3.2.3 Recovery procedures

Recovery from a corrupted firmware update (radio fails to boot or boots into a broken state):

  1. Power off, remove SD card.
  2. Format a fresh microSD as FAT32.
  3. Copy the previous known-good firmware bin onto it (from the firmware-history/ archive).
  4. Insert SD, power on holding the multi-function knob.
  5. Reflash; radio reboots to the older firmware.

If the firmware bootloader itself is corrupted (rare), the recovery requires Xiegu’s USB bootloader tool — contact Radioddity or the Xiegu factory; this is a service operation, not a user procedure.

Recovery from a memory channel wipe:

  1. Connect wfView, open the memory editor.
  2. Load the most recent CSV backup from memory-backups/.
  3. Click “Send to radio.” All 99 memories are written.
  4. Spot-check 2-3 memories on-radio to confirm.

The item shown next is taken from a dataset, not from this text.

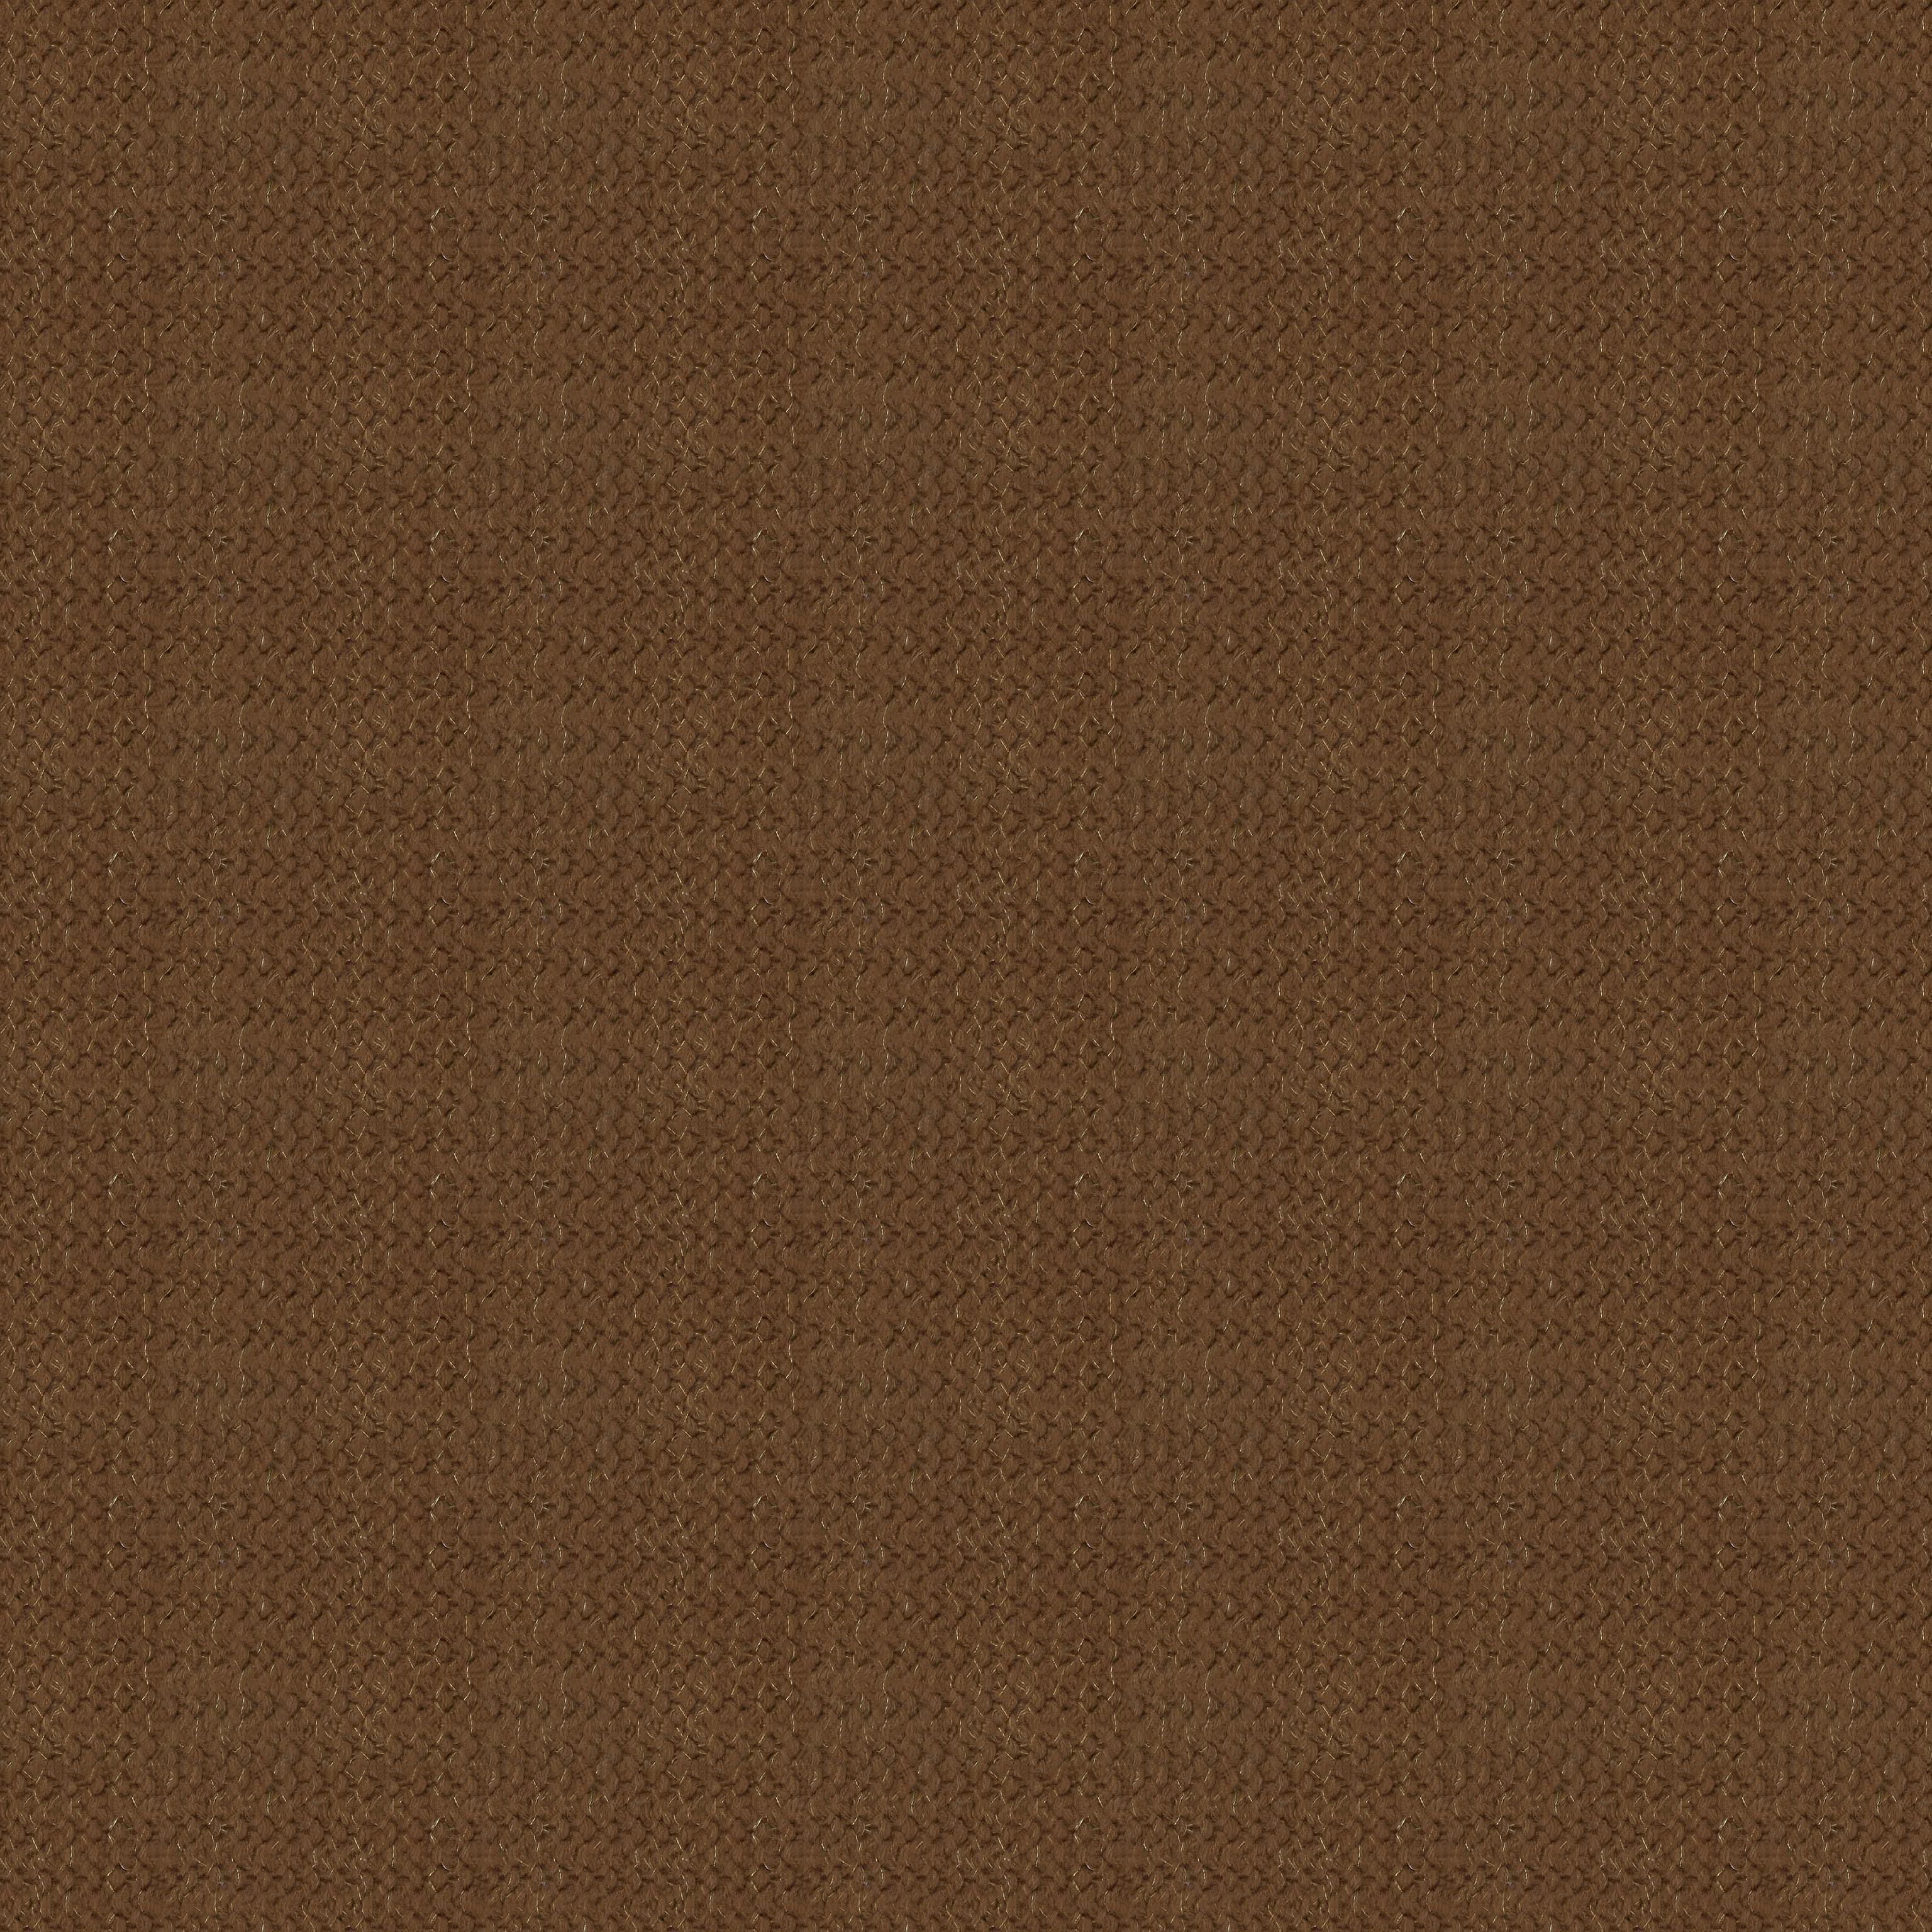 Wood Texture Floor Pattern Brown Circle Knitwear Textile Hardwood Flooring Sparkles Laminate

Recovery from a settings menu wipe (after a factory reset):

  1. Walk through the menu manually, restoring each setting from the most recent settings-snapshot markdown.
  2. Re-tune each commonly-used antenna so the ATU re-learns its match positions.
  3. Re-set USB audio levels for any digital modes you use (this is the most-commonly-forgotten setting; if it’s wrong, WSJT-X will report “Tx audio level very low” or “very high” and the rig will appear to not be transmitting properly).

The recovery workflow is more manual than for the DMR rigs in this series because the radio’s internal state isn’t dump-and-restore-able. The compensation is that the X6100’s state surface is smaller (no 1,000 talkgroups, no 50 zones, no roaming tables, just a few menu pages and 99 memories).